Task item:
The entire listing below is to be written out exactly, minus the pictures.

Data segment:
-----

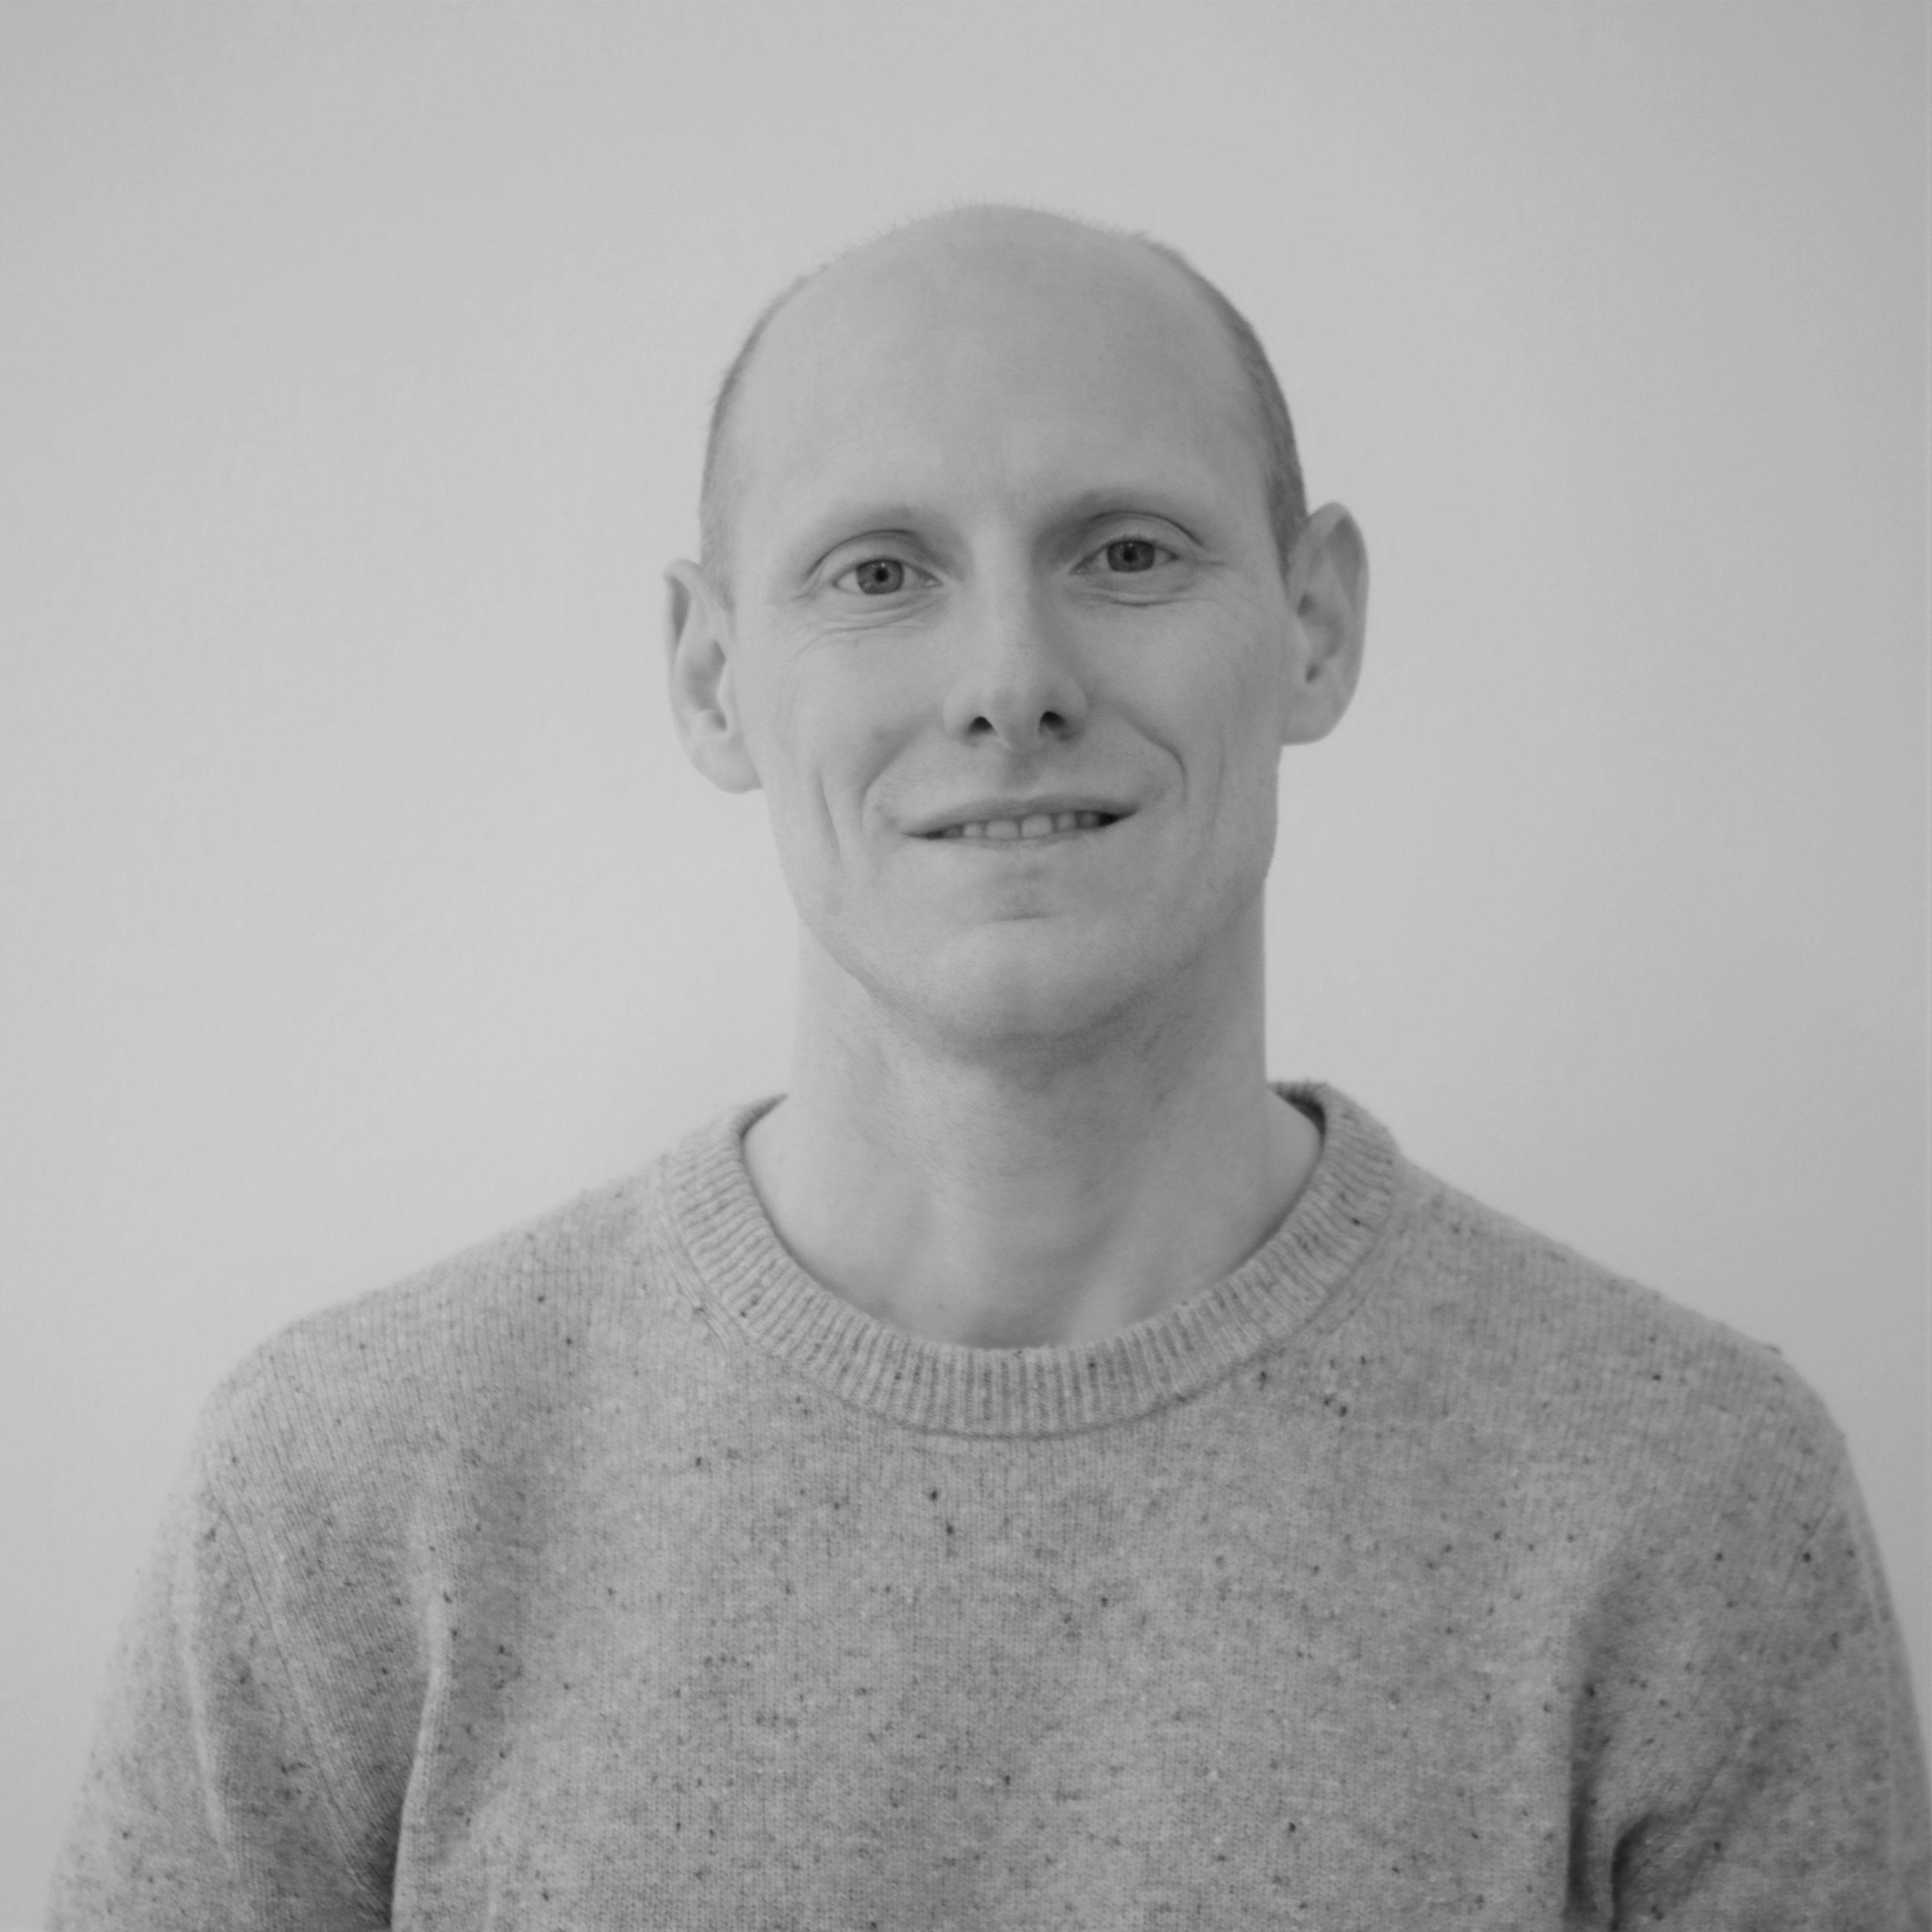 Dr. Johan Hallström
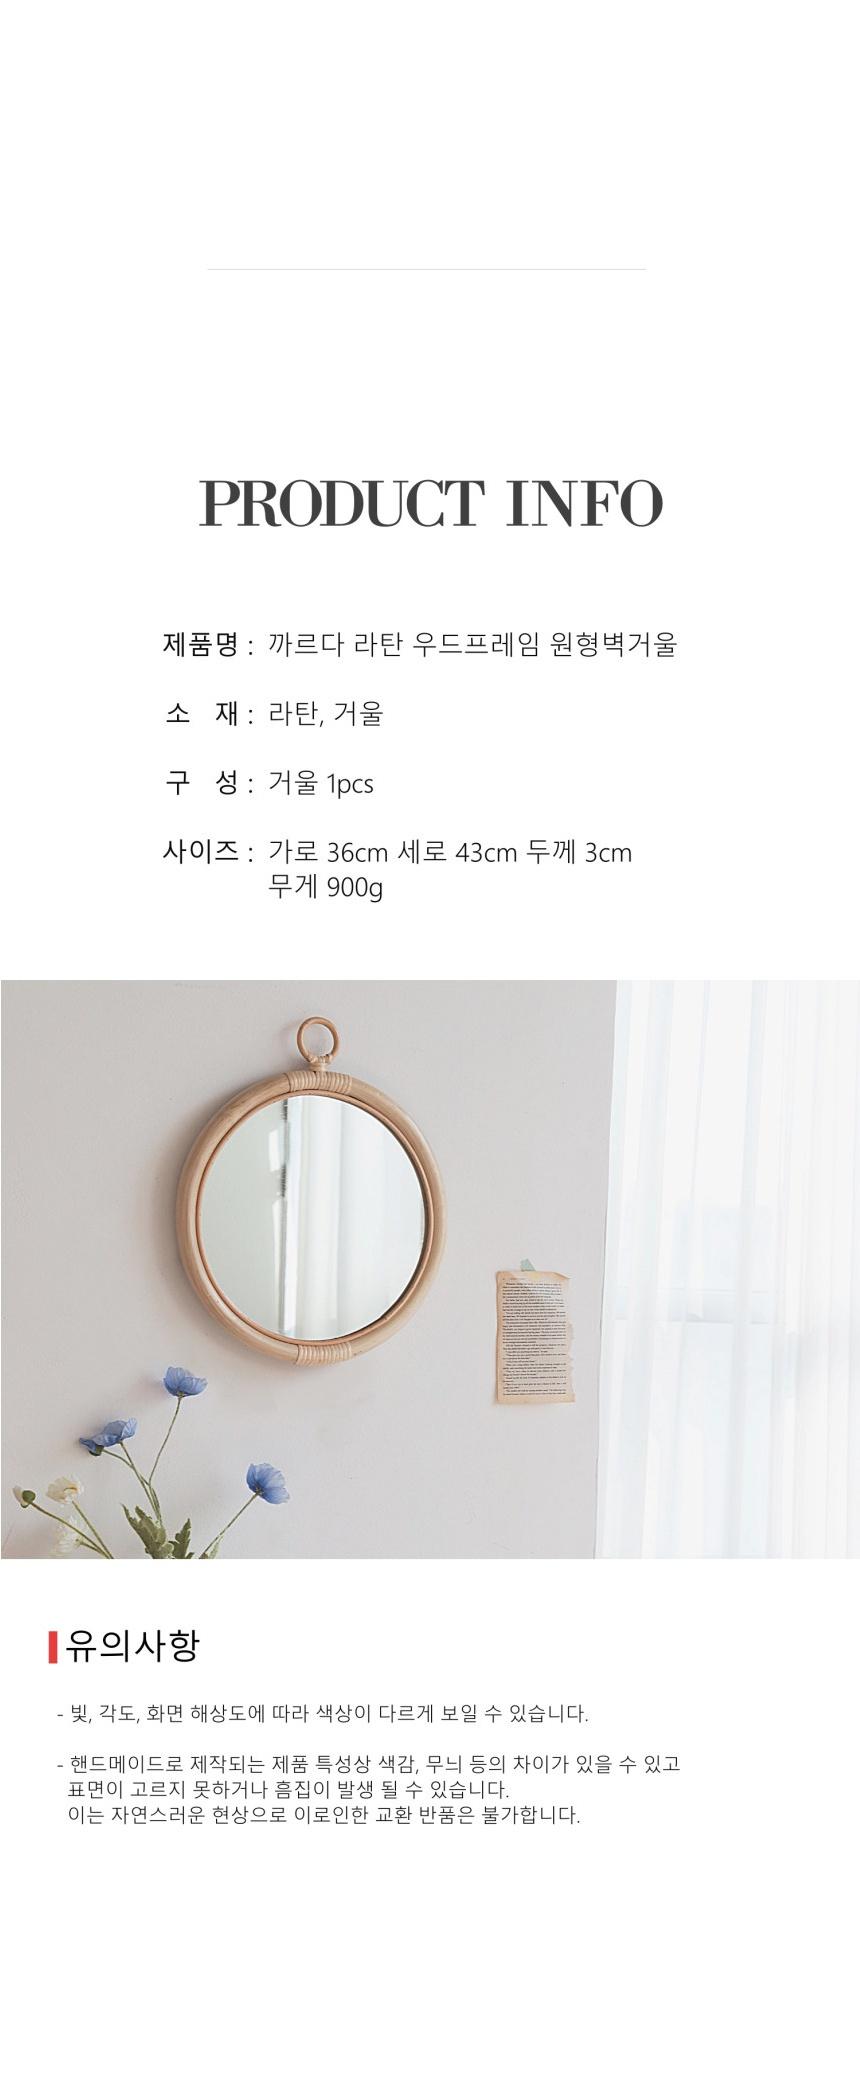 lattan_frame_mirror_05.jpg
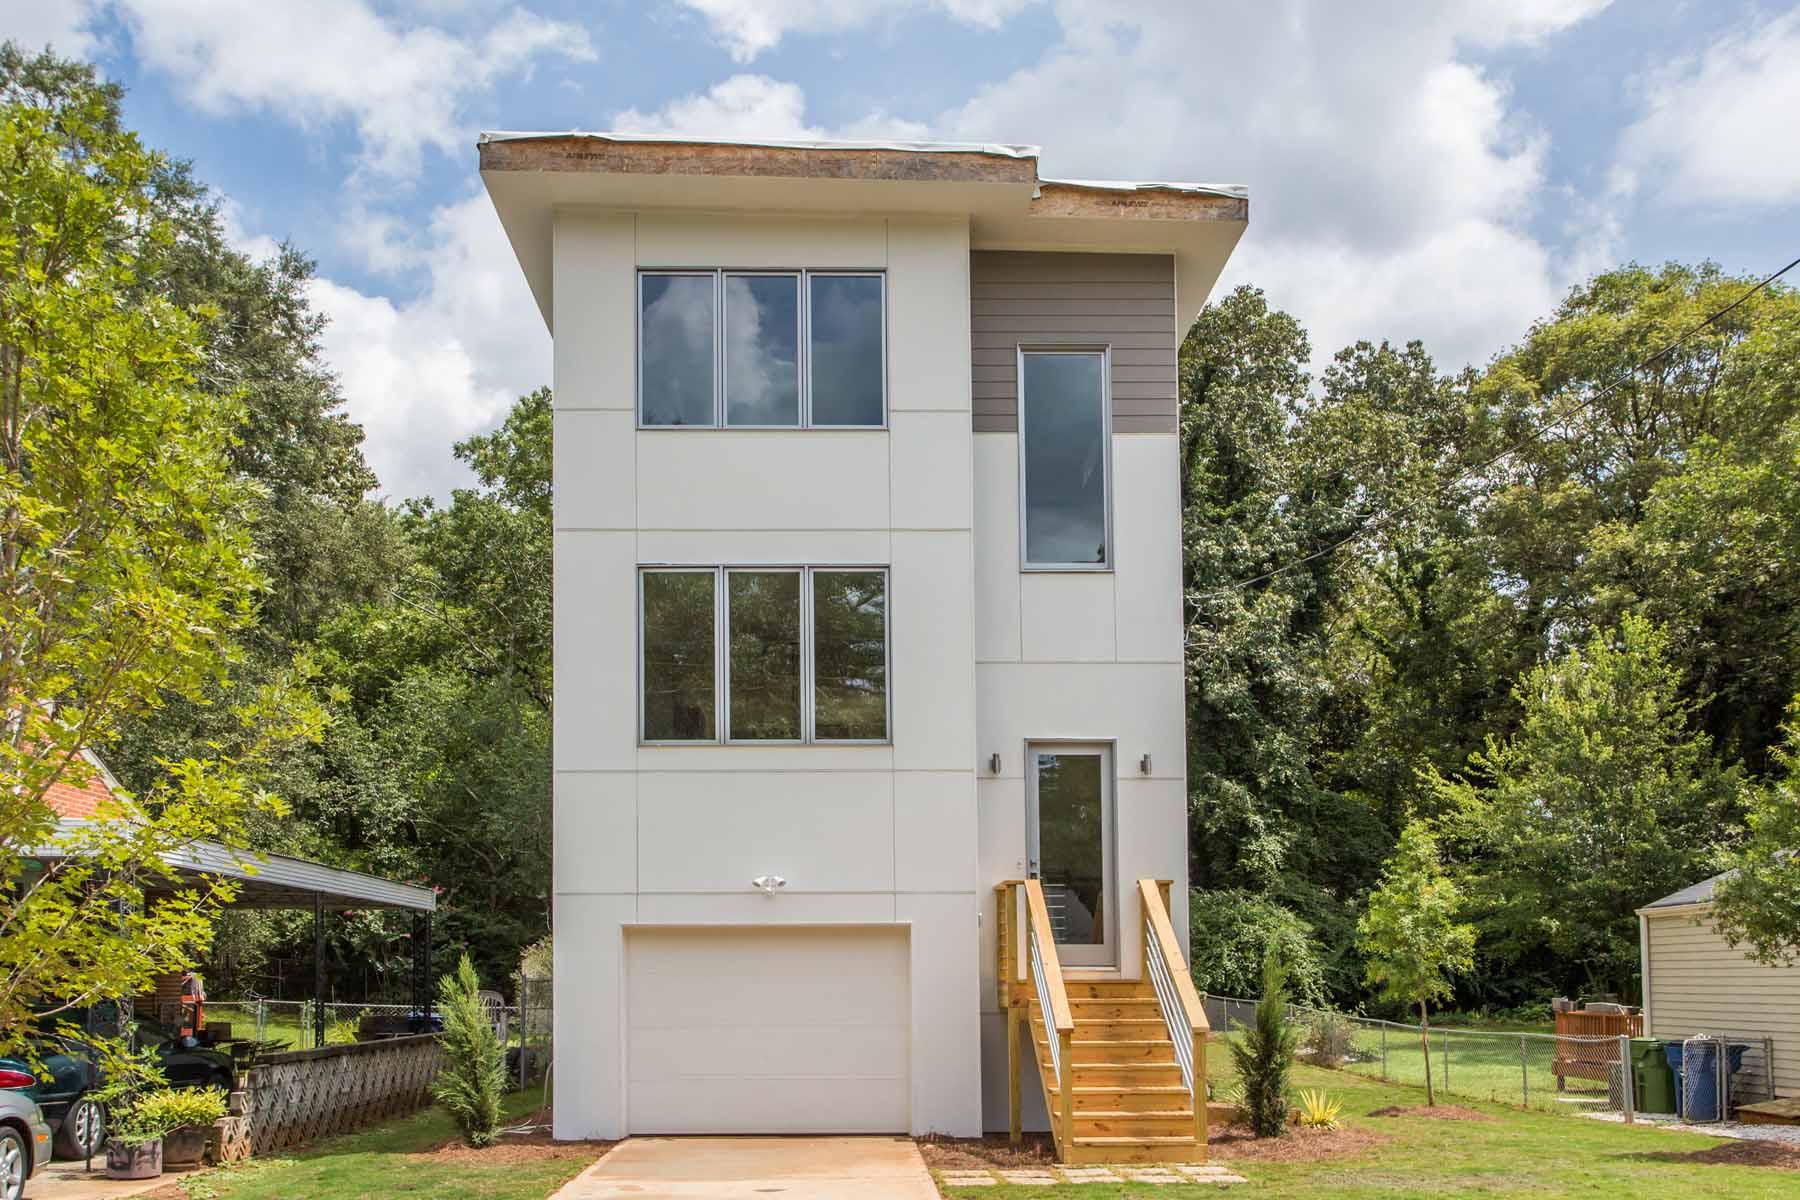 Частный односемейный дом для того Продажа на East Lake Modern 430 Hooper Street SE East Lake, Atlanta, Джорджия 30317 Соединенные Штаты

-----

Solution to this problem:
 Dr. Johan Hallström
 lattan_frame_mirror_05.jpg
 Частный односемейный дом для того Продажа на East Lake Modern 430 Hooper Street SE East Lake, Atlanta, Джорджия 30317 Соединенные Штаты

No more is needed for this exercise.